Sérgio Raphael

Personal information
- Full name: Sérgio Raphael dos Anjos
- Date of birth: 23 October 1992 (age 32)
- Place of birth: Rio de Janeiro, Brazil
- Height: 1.88 m (6 ft 2 in)
- Position(s): Centre-back

Team information
- Current team: Ponte Preta
- Number: 6

Youth career
- Vasco da Gama
- 2009–2010: America-RJ
- 2010–2011: Marítimo

Senior career*
- Years: Team / Apps / (Gls)
- 2011: Canas Senhorim / 5 / (0)
- 2012–2013: Duque de Caxias / 29 / (0)
- 2014: Bahia / 0 / (0)
- 2014–2017: Bangu / 13 / (2)
- 2015: → CRB (loan) / 1 / (0)
- 2016: → Tigres do Brasil (loan) / 8 / (0)
- 2016: → Macaé (loan) / 5 / (0)
- 2016–2017: → Ħamrun Spartans (loan) / 27 / (0)
- 2018: Juventus-SP / 13 / (0)
- 2018–2019: Al-Ain
- 2019: Oriente Petrolero / 5 / (0)
- 2019–2021: Sirens / 33 / (0)
- 2021–2022: Hibernians / 24 / (1)
- 2022: Naft Al-Basra
- 2023: Al-Merrikh
- 2024: Nova Iguaçu / 14 / (0)
- 2024–: Ponte Preta / 17 / (1)

= Sérgio Raphael =

Brazilian footballer (born 1995)

Sérgio Raphael dos Anjos (born 23 October 1992), known as Sérgio Raphael, is a Brazilian footballer who plays as a centre-back for Ponte Preta.

==Career==
Born in Rio de Janeiro, Sérgio Raphael began his career as a forward, but soon moved into a centre-back position. After making his senior debut with Portuguese Terceira Divisão side Canas Senhorim in 2011, he returned to his home country with Duque de Caxias in the following year.

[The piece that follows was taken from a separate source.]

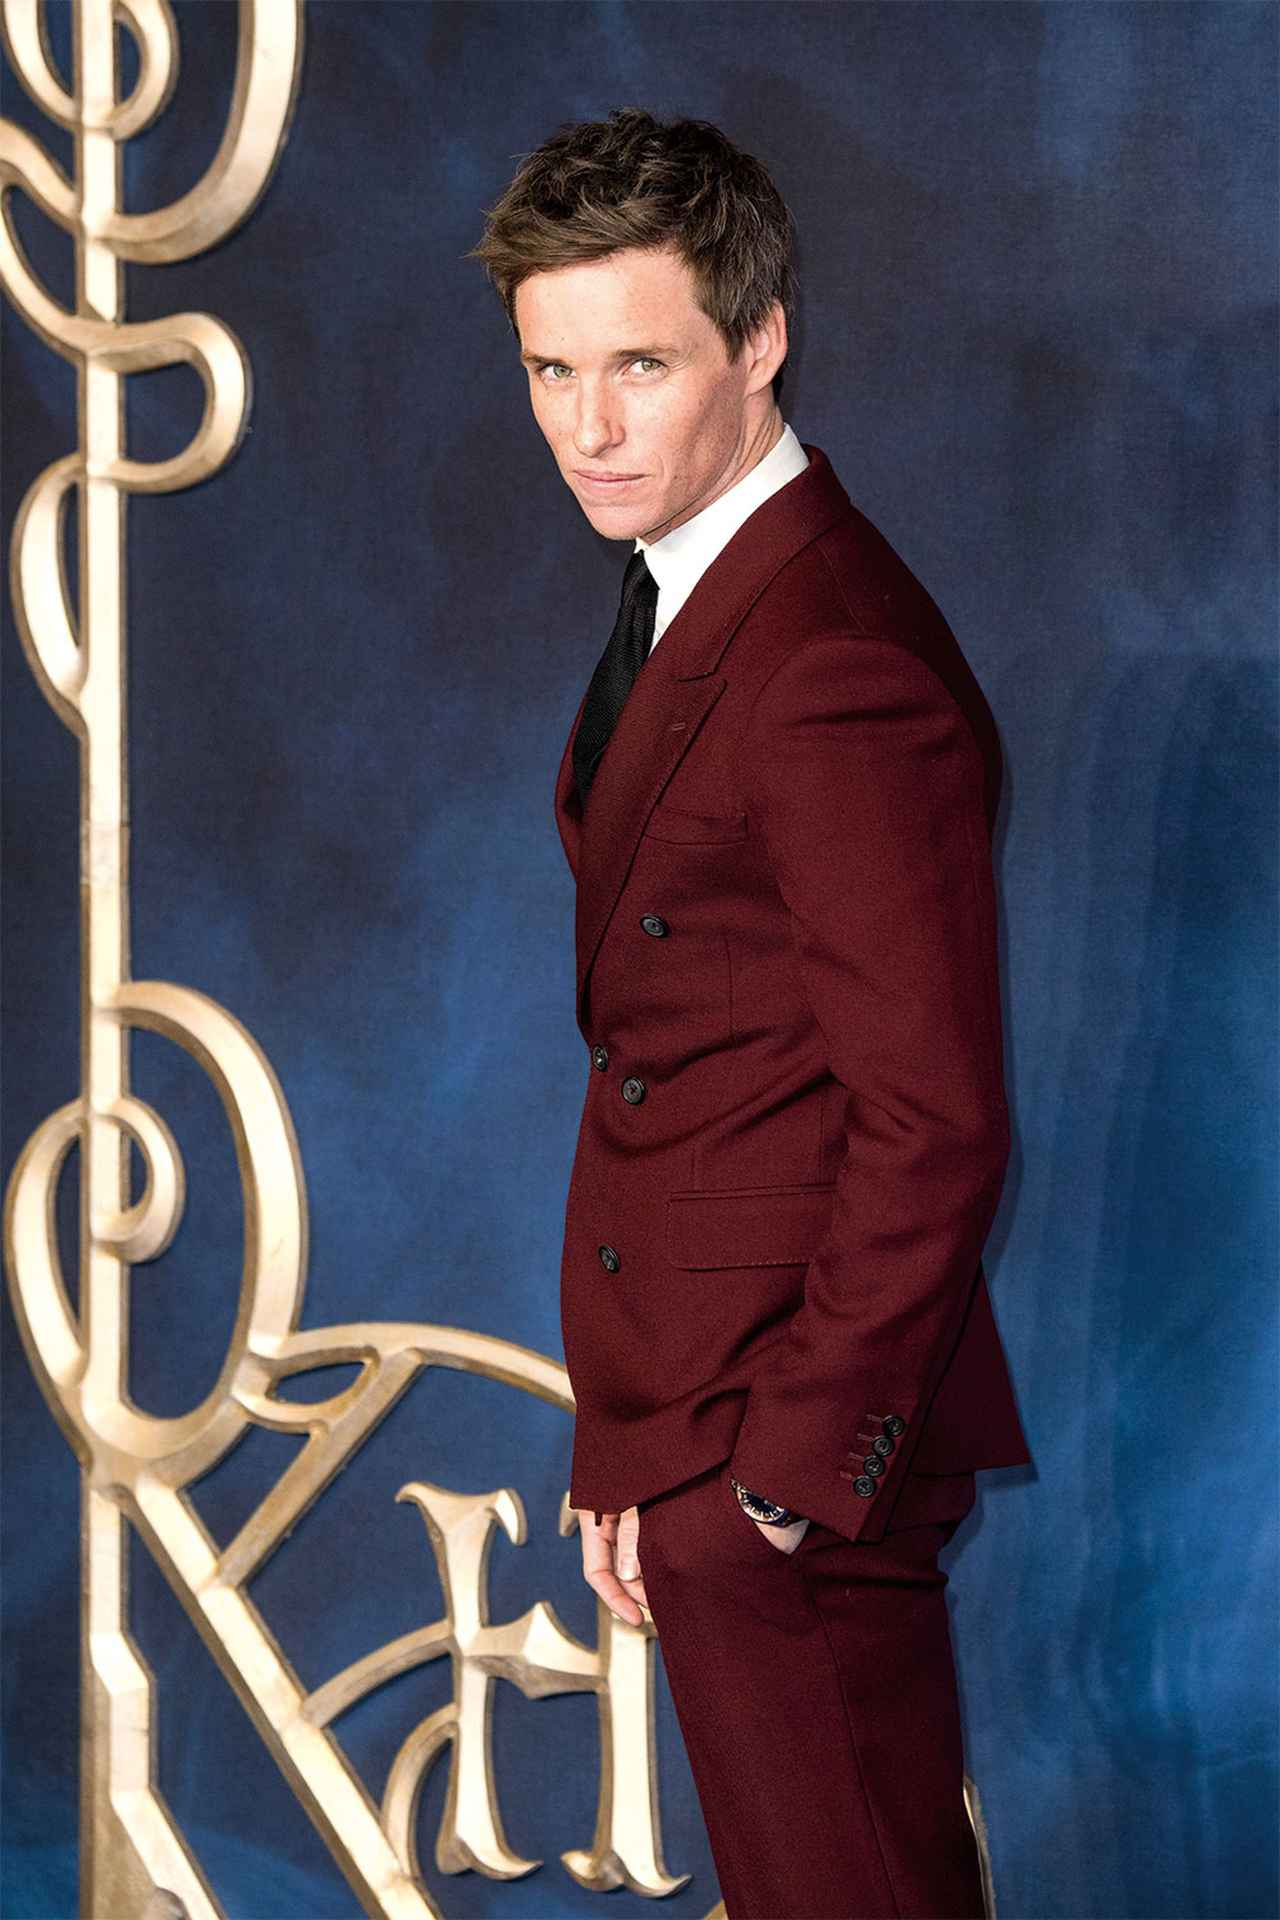 画像7: 【あなたの推しは誰?】英国男優が魅せるダンディズムという矜持

On 6 January 2014, Sérgio Raphael agreed to a deal with Bahia, but left on 16 January after a "consensus" over his contract was not reached. After having his permanence confirmed the following day, he still left the club on 24 January, before returning on 20 February after accepting the new conditions of the club.

In September 2014, after making no appearances for Bahia, Sérgio Raphael moved to Bangu. He subsequently served loans at CRB, Tigres do Brasil, Macaé and Maltese side Ħamrun Spartans, before returning to his parent club on 12 May 2017.

In December 2017, Sérgio Raphael was announced in the squad of Juventus-SP for the upcoming season. On 31 January 2019, after a short spell at Saudi club Al-Ain, he signed for Oriente Petrolero in Bolivia, but rescinded his deal with the club on 7 May.

On 23 August 2019, Sérgio Raphael returned to Malta and joined Sirens. He moved to fellow league team Hibernians on 21 January 2021, and won the 2021–22 Maltese Premier League with the club.

In 2022, Sérgio Raphael switched teams and countries again, after agreeing to a deal with Naft Al-Basra in Iraq. He moved to Sudanese side Al-Merrikh on 19 January of the following year, but left the country in April amidst the Sudanese civil war.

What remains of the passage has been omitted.